Thu Feb 18 05:23:52 UTC 2016

My fpr related notes/worries about the fix were wrong.

I finally got some time to look at this again and I see that I somehow missed the following code when I looked before:

  // The calling convention either uses 1-2 GPRs or 1 FPR.
  Address NumRegsAddr = Address::invalid();
  if (isInt || IsSoftFloatABI) {
    NumRegsAddr = Builder.CreateStructGEP(VAList, 0, CharUnits::Zero(), "gpr");
  } else {
    NumRegsAddr = Builder.CreateStructGEP(VAList, 1, CharUnits::One(), "fpr");
  }

So the

    Builder.CreateStore(Builder.getInt8(8), NumRegsAddr);

in Case 2 is tracking gpr vs. fpr usage contexts as it should. Also:

  llvm::Value *NumRegs = Builder.CreateLoad(NumRegsAddr, "numUsedRegs");

  // "Align" the register count when TY is i64.
  if (isI64 || (isF64 && IsSoftFloatABI)) {
    NumRegs = Builder.CreateAdd(NumRegs, Builder.getInt8(1));
    NumRegs = Builder.CreateAnd(NumRegs, Builder.getInt8((uint8_t) ~1U));
  }

  llvm::Value *CC =
      Builder.CreateICmpULT(NumRegs, Builder.getInt8(8), "cond");

is using the same bounds check figure (8) for gpr and fpr.

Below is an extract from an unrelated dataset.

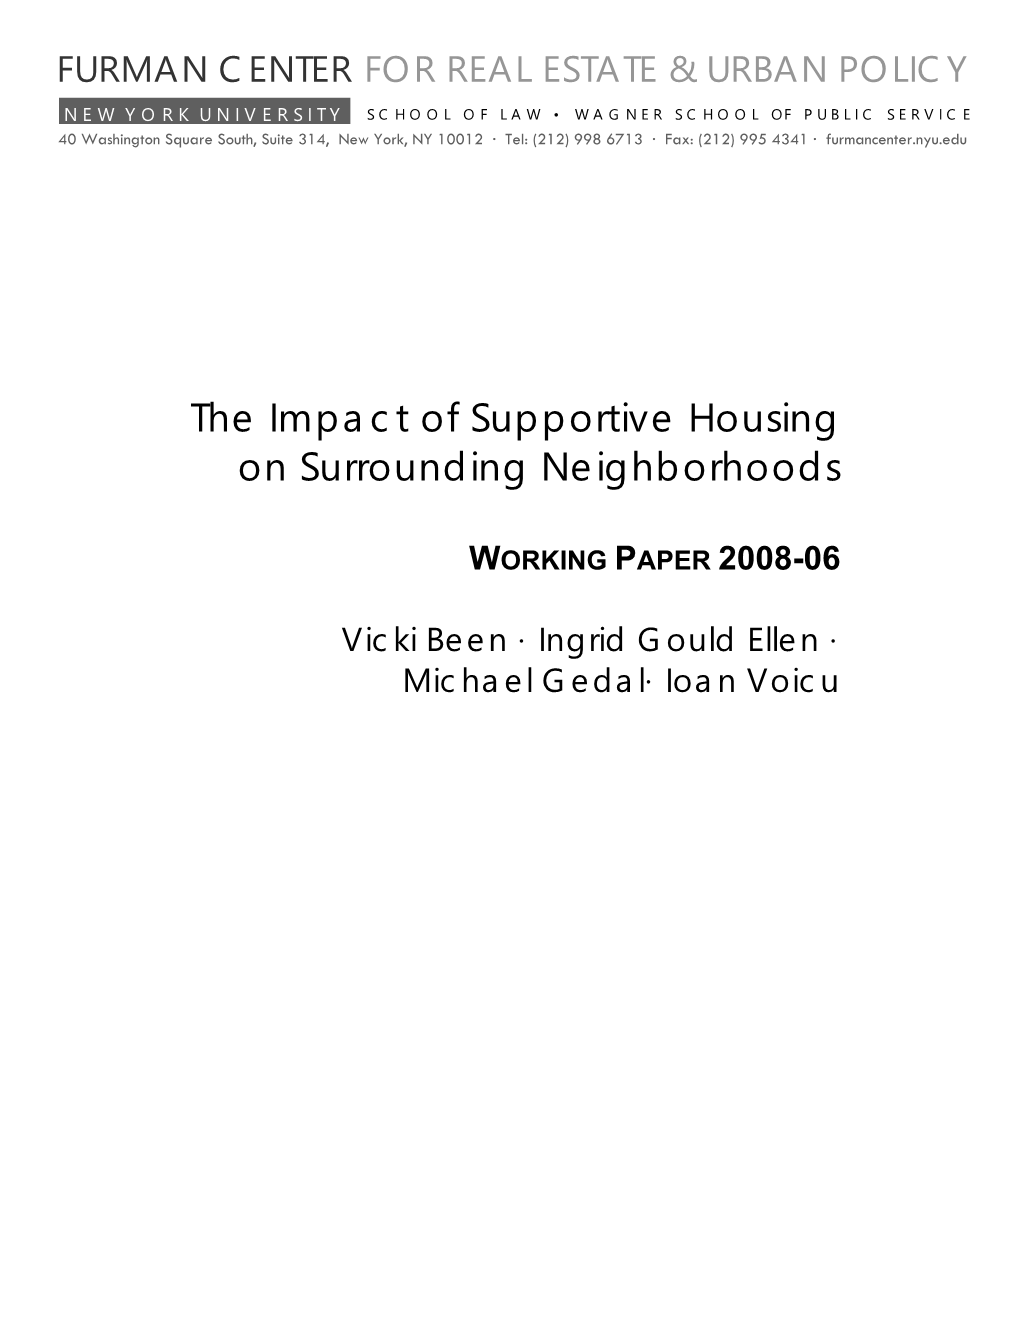 The Impact of Supportive Housing on Surrounding Neighborhoods

Apparently that common bound is one reason that the clang numbering is not the same as the ABI document's numbering: clang's numbering allows using the same figure for both contexts. (Given the prior alignment for isI64 (or isF64 with IsSoftFloatABI).)

Sorry for the prior noise about fpr.

It is still true that DOUBLE_OR_FLOAT is untested so far.

===
Mark Millard
markmi at dsl-only.net

On 2016-Feb-16, at 5:51 AM, Mark Millard <markmi at dsl-only.net> wrote:

By the way: Nothing tested or seen so far checks DOUBLE_OR_FLOAT handling.

That involves fr (fpr in va_list in clang terms) instead of gr/gpr. fr/fpr has its own independent count and bound for using floating point registers vs. using the overflow area. There is also condition register bit 6 that indicates if floating point is involved overall or not.

Ultimately which of gpr vs. fpr and which bound (if the numbers are distinct in value) depends on the type specified in va_arg (SIMPLE_ARG/LONG_LONG vs. DOUBLE_OR_FLOAT status).

This may mean that the fix is an improvement for some types of usage but not a complete update: It is wrong for DOUBLE_OR_FLOAT instances of var_arg as stands. fpr would need to be involved instead. For world I expect it is fairly generally an improvement.

Also if the condition register indicates floating point is involved overall then there is likely management/handling of floating point state (for context switching management). (If it indicates no floating point involvement then there might be optimizations possible.)

===
Mark Millard
markmi at dsl-only.net

On 2016-Feb-16, at 2:45 AM, Mark Millard <markmi at dsl-only.net> wrote:

I used:

> Index: /usr/src/contrib/llvm/tools/clang/lib/CodeGen/TargetInfo.cpp
> ===================================================================
> --- /usr/src/contrib/llvm/tools/clang/lib/CodeGen/TargetInfo.cpp	(revision 295601)
> +++ /usr/src/contrib/llvm/tools/clang/lib/CodeGen/TargetInfo.cpp	(working copy)
> @@ -3569,6 +3569,8 @@
>  {
>    CGF.EmitBlock(UsingOverflow);
> 
> +    Builder.CreateStore(Builder.getInt8(8), NumRegsAddr);
> +
>    // Everything in the overflow area is rounded up to a size of at least 4.
>    CharUnits OverflowAreaAlign = CharUnits::fromQuantity(4);

as my test change. (Get evidence of operation before potential cleanup of the duplicated 8's.)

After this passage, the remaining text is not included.